Lessons from the regularisation procedure for homeopathic medicines

Judgments of the National High Court of 12 April, 16 May and 12 July 2024

Joan Carles Bailach

Capsulas Nº 257

Background

The three judgments were handed down in the context of proceedings brought by a pharmaceutical company against the refusal of the Spanish Agency for Medicines and Medical Devices (“AEMPS”) to grant marketing authorisations for homeopathic medicinal products.

The requirement for marketing authorisation for homeopathic medicinal products was introduced by Royal Decree 2208/1994. However, this Decree included a Transitional Provision that allowed homeopathic products already on the market to continue being marketed, provided that they submitted the documentation for the authorisation and registration application.

Subsequently, Royal Decree 1345/2007 established that those homeopathic medicinal products that had benefited from the Transitional Provision of Royal Decree 2208/1994 would need to comply with its provisions and obtain the necessary marketing authorisation.

It was not until 2018 that the Ministry of Health, through a Ministerial Order, set forth the requirements and procedure for manufacturers of homeopathic medicines to apply for the necessary marketing authorisation.

On well-established use

The judgments we discuss refer to marketing authorisation applications for injectable homeopathic medicinal products.
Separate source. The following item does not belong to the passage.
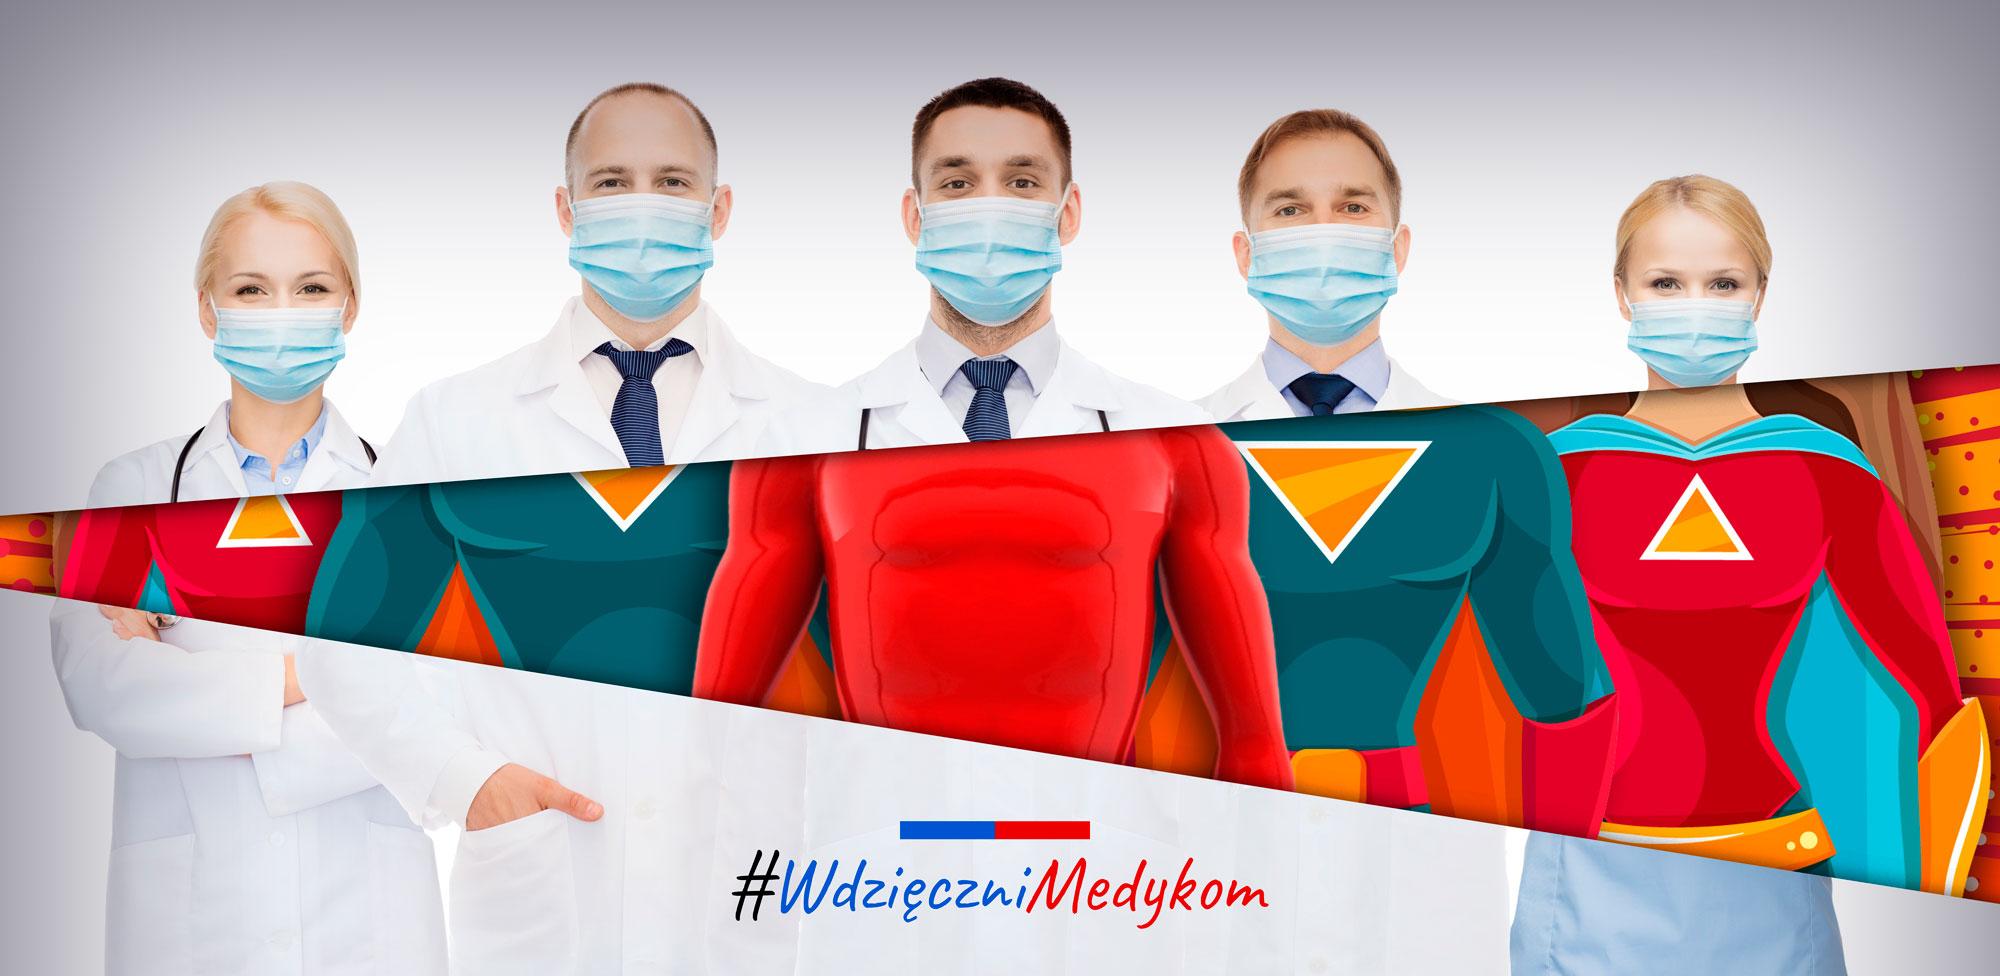 Caritas dla polskich szpitali: 100 respiratorów i 10 tys. kombinezonów ochronnych

These injectable products were excluded from the simplified authorisation procedure provided for in Royal Decree 1345/2007 and had to follow the standard procedure.

The legal basis for the marketing authorisation applications for these medicinal products was article 10 of Royal Decree 1345/2007, which covers the authorisation of medicinal products based on sufficiently proven active substances (commonly known as “well-established use” or “bibliographic procedure”). On this basis, if it can be proven that an active substance has been in well-established medicinal use for at least ten years within the European Union, with recognised efficacy and an acceptable level of safety, the applicant can replace the pre-clinical and clinical trial data with bibliographic-scientific literature that provides scientific evidence in this regard.
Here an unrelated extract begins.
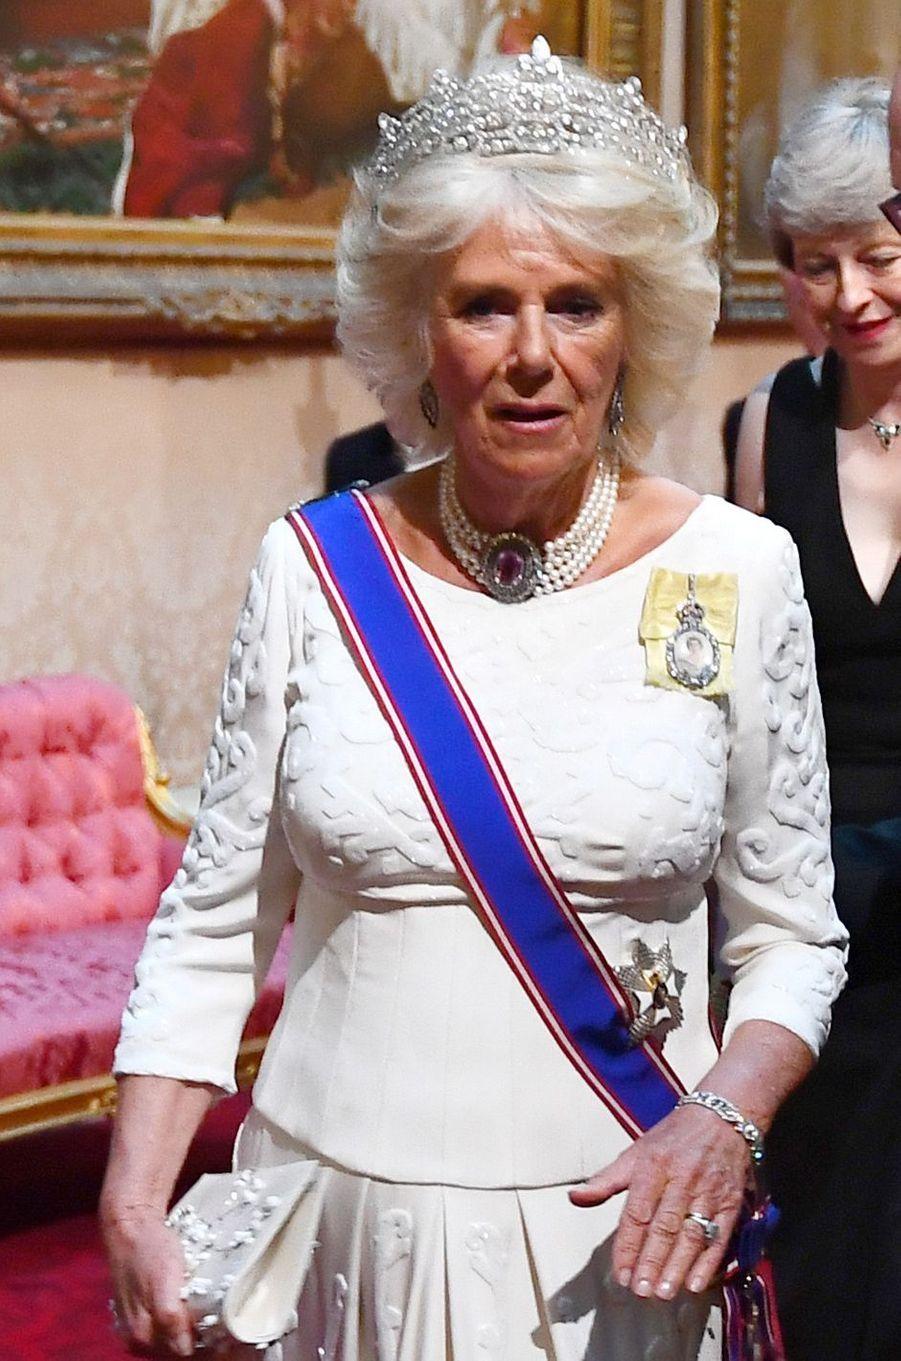 Détail de la robe de la duchesse de Cornouailles Camilla, à Londres le 3 juin 2019

In the cases analysed, the company had submitted clinical literature, mainly from the Encyclopaedia Homeopathica, and had stated that no relevant safety issues had been detected. In the court proceedings, the company argued that the AEMPS should only verify whether the medicinal product had been on the market in any Member State for over 10 years, whether it had been authorised using the same literature, and whether there were no indications of safety concerns.

AEMPS had refused the marketing authorisations applications for several reasons, particularly because adequate safety information for the medicinal product had not been provided. Regarding this point, the judgments confirm that the safety assessment, even in a procedure such as the bibliographic procedure, cannot be limited to merely checking that no safety issues have been detected (as stated in the judgments, this includes pharmacovigilance signals).

On the other hand, the judgments state that the AEMPS motivated its refusal decisions because the company did not provide specific literature to support the efficacy and safety in the indication, dosage, population group and route of administration requested.

Conclusion

These judgments highlight the importance of a thorough analysis of the scientific literature provided in any marketing authorisation application using the legal basis of well-established use. This is something to be considered also in similar cases such as industrially produced allergen-based medicinal products and bulk allergen-based medicinal products.